### [TASK TO COMPLETE]
In the records below, begin at the line containing "Contini Awards - The" and end at the line containing "DORIS MAY, Belmar, NJ"; quote every line in that span exactly, including both boundary lines, and no others.

### [INPUT FOR THIS TASK]
= Beginning of Section =

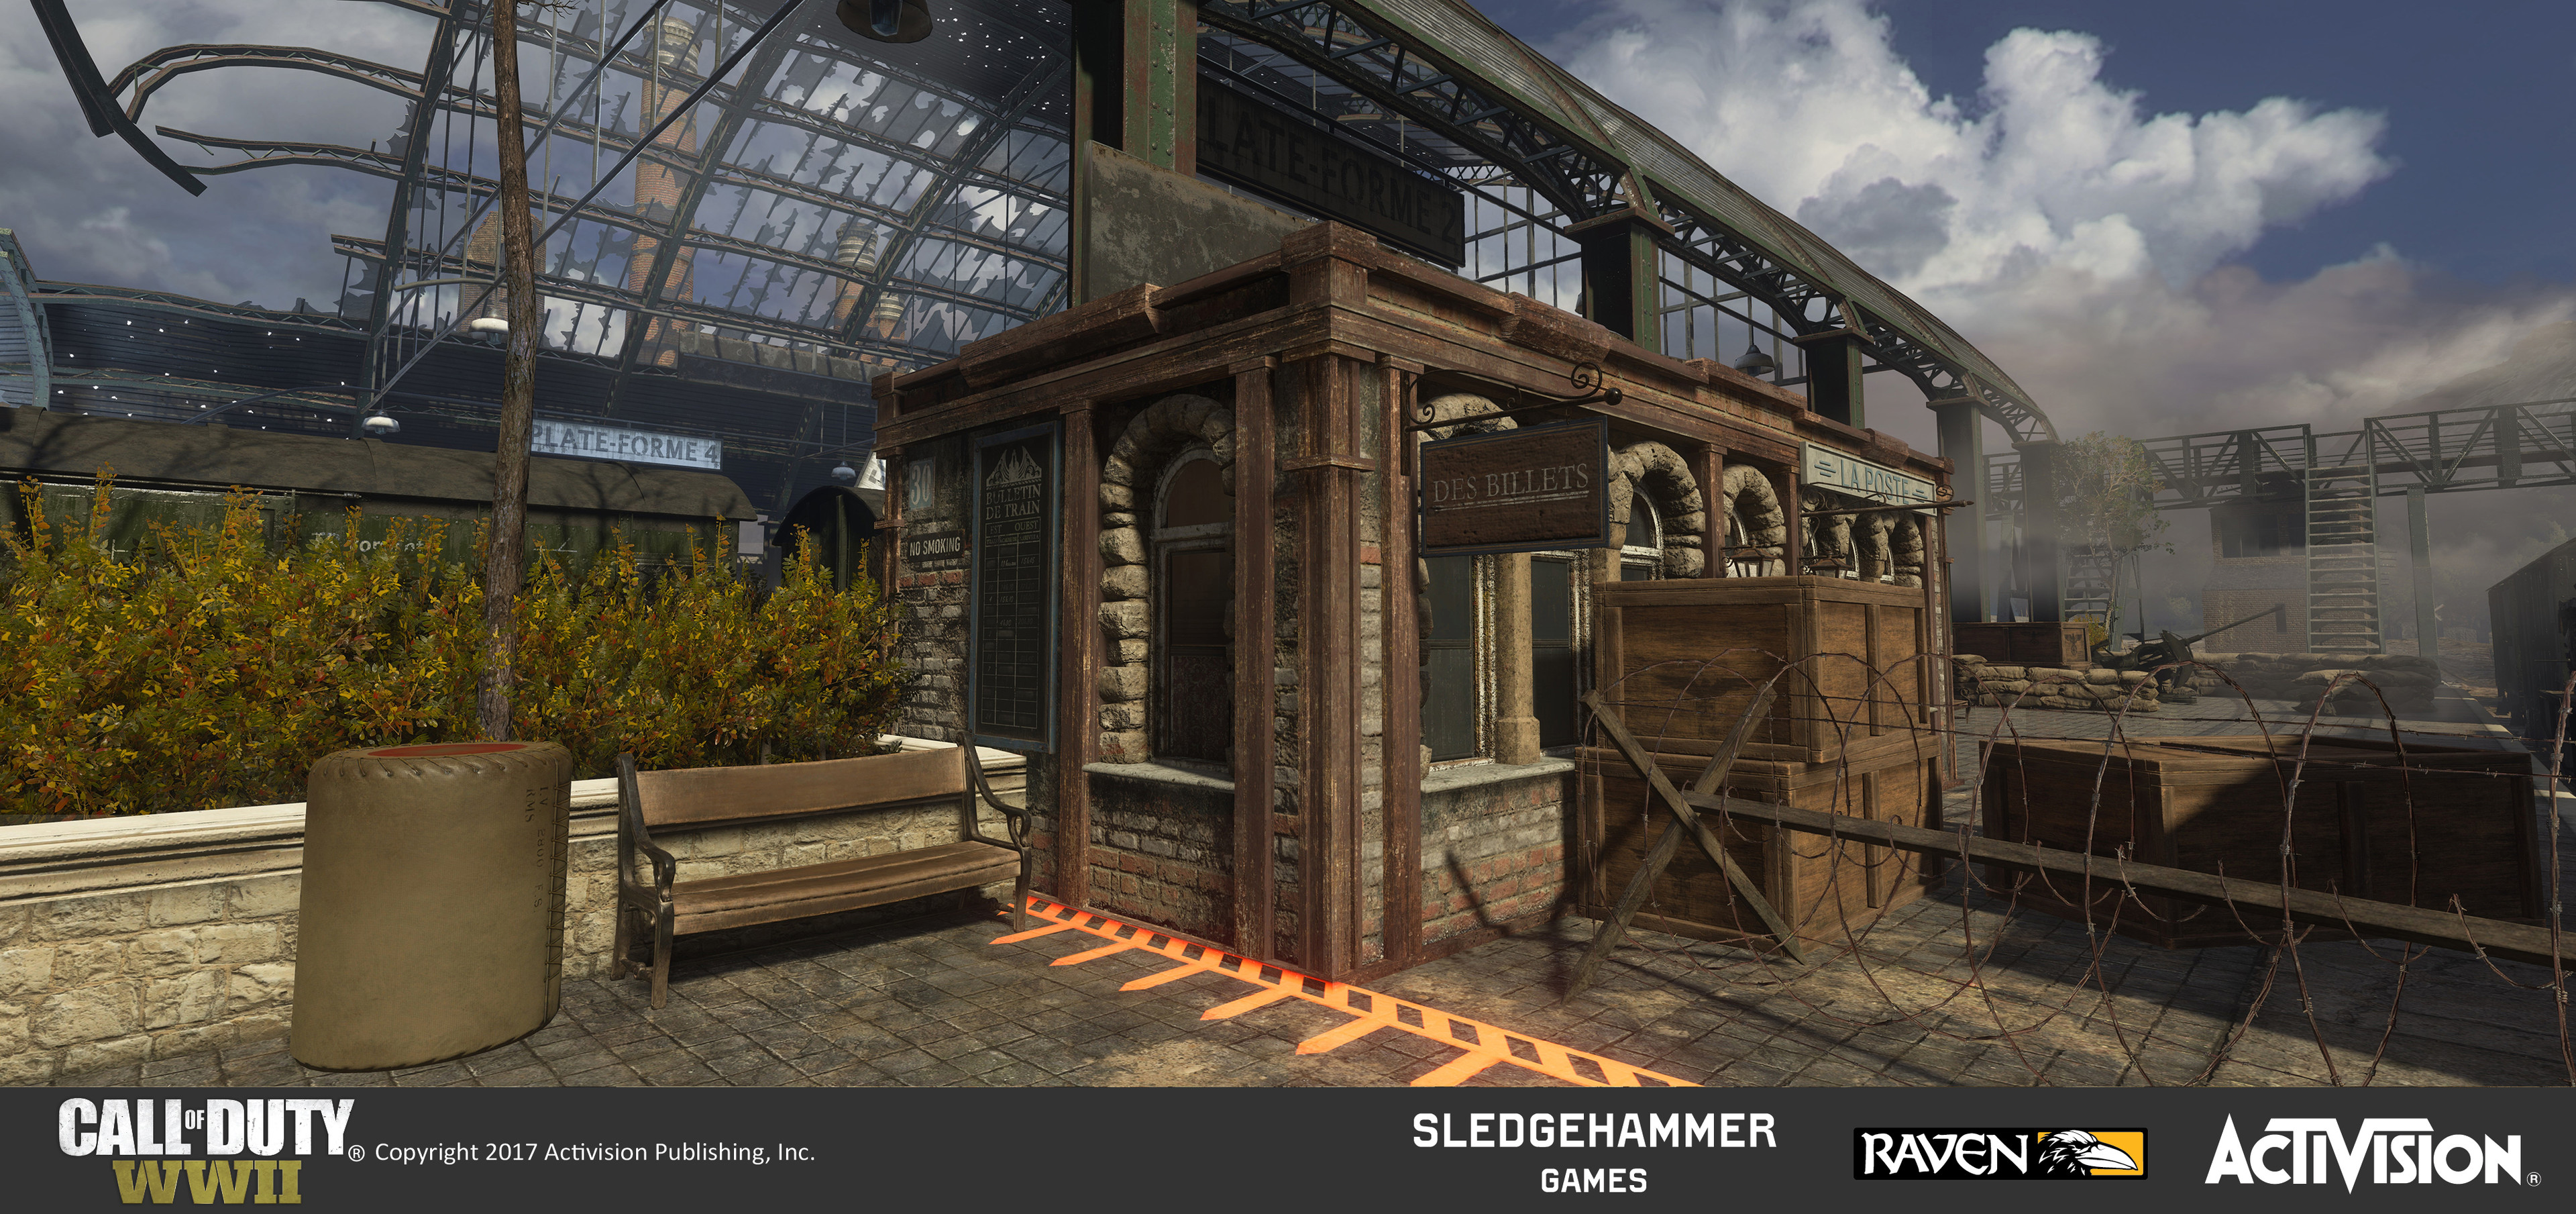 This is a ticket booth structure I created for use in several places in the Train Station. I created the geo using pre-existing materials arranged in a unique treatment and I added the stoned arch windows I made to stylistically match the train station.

= End of Section =
= Beginning of Section =

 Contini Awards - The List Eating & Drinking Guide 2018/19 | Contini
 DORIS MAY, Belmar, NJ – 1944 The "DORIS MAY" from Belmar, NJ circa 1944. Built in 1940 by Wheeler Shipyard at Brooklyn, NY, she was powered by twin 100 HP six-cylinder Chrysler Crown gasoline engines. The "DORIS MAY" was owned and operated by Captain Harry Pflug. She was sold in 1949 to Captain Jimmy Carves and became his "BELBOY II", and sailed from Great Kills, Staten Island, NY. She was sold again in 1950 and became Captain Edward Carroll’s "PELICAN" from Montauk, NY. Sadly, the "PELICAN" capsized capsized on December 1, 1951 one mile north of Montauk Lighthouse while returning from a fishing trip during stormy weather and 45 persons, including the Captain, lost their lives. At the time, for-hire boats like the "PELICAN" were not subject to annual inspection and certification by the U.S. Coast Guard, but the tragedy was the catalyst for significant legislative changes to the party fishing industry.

= End of Section =
= Beginning of Section =

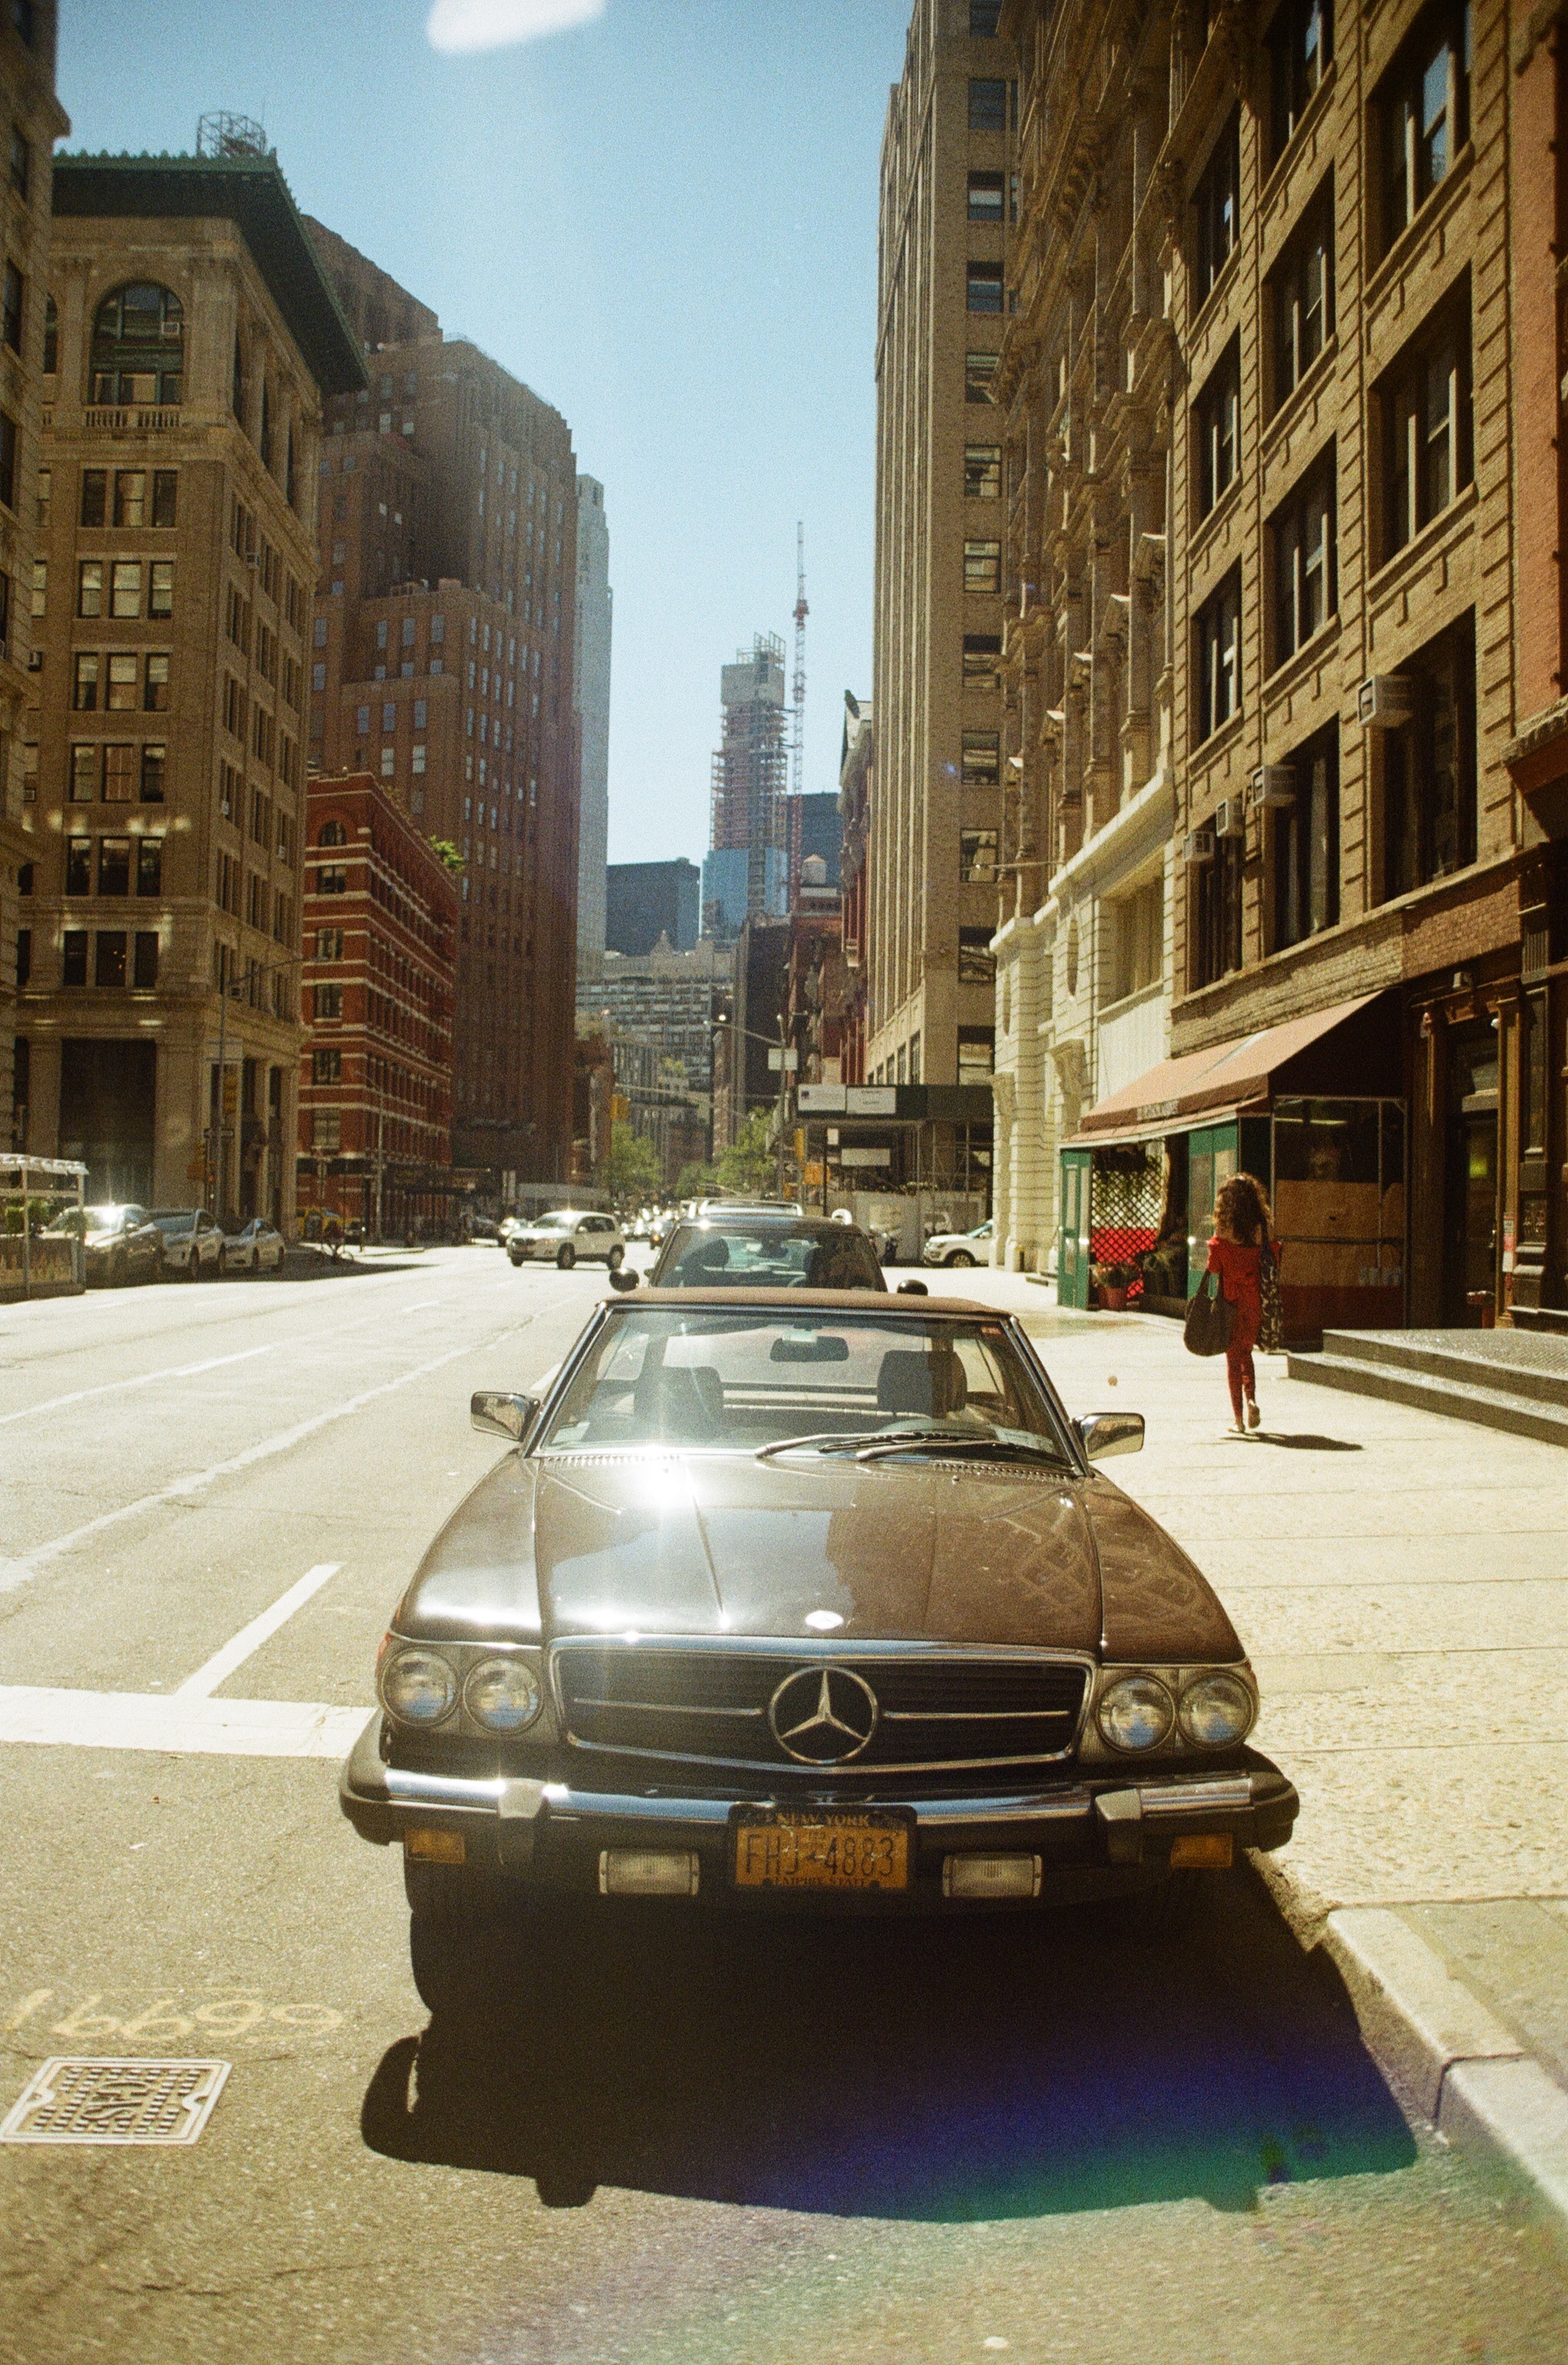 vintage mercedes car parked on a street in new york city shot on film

= End of Section =

### [SOLUTION TO THE EXERCISE]
 Contini Awards - The List Eating & Drinking Guide 2018/19 | Contini
 DORIS MAY, Belmar, NJ – 1944 The "DORIS MAY" from Belmar, NJ circa 1944. Built in 1940 by Wheeler Shipyard at Brooklyn, NY, she was powered by twin 100 HP six-cylinder Chrysler Crown gasoline engines. The "DORIS MAY" was owned and operated by Captain Harry Pflug. She was sold in 1949 to Captain Jimmy Carves and became his "BELBOY II", and sailed from Great Kills, Staten Island, NY. She was sold again in 1950 and became Captain Edward Carroll’s "PELICAN" from Montauk, NY. Sadly, the "PELICAN" capsized capsized on December 1, 1951 one mile north of Montauk Lighthouse while returning from a fishing trip during stormy weather and 45 persons, including the Captain, lost their lives. At the time, for-hire boats like the "PELICAN" were not subject to annual inspection and certification by the U.S. Coast Guard, but the tragedy was the catalyst for significant legislative changes to the party fishing industry.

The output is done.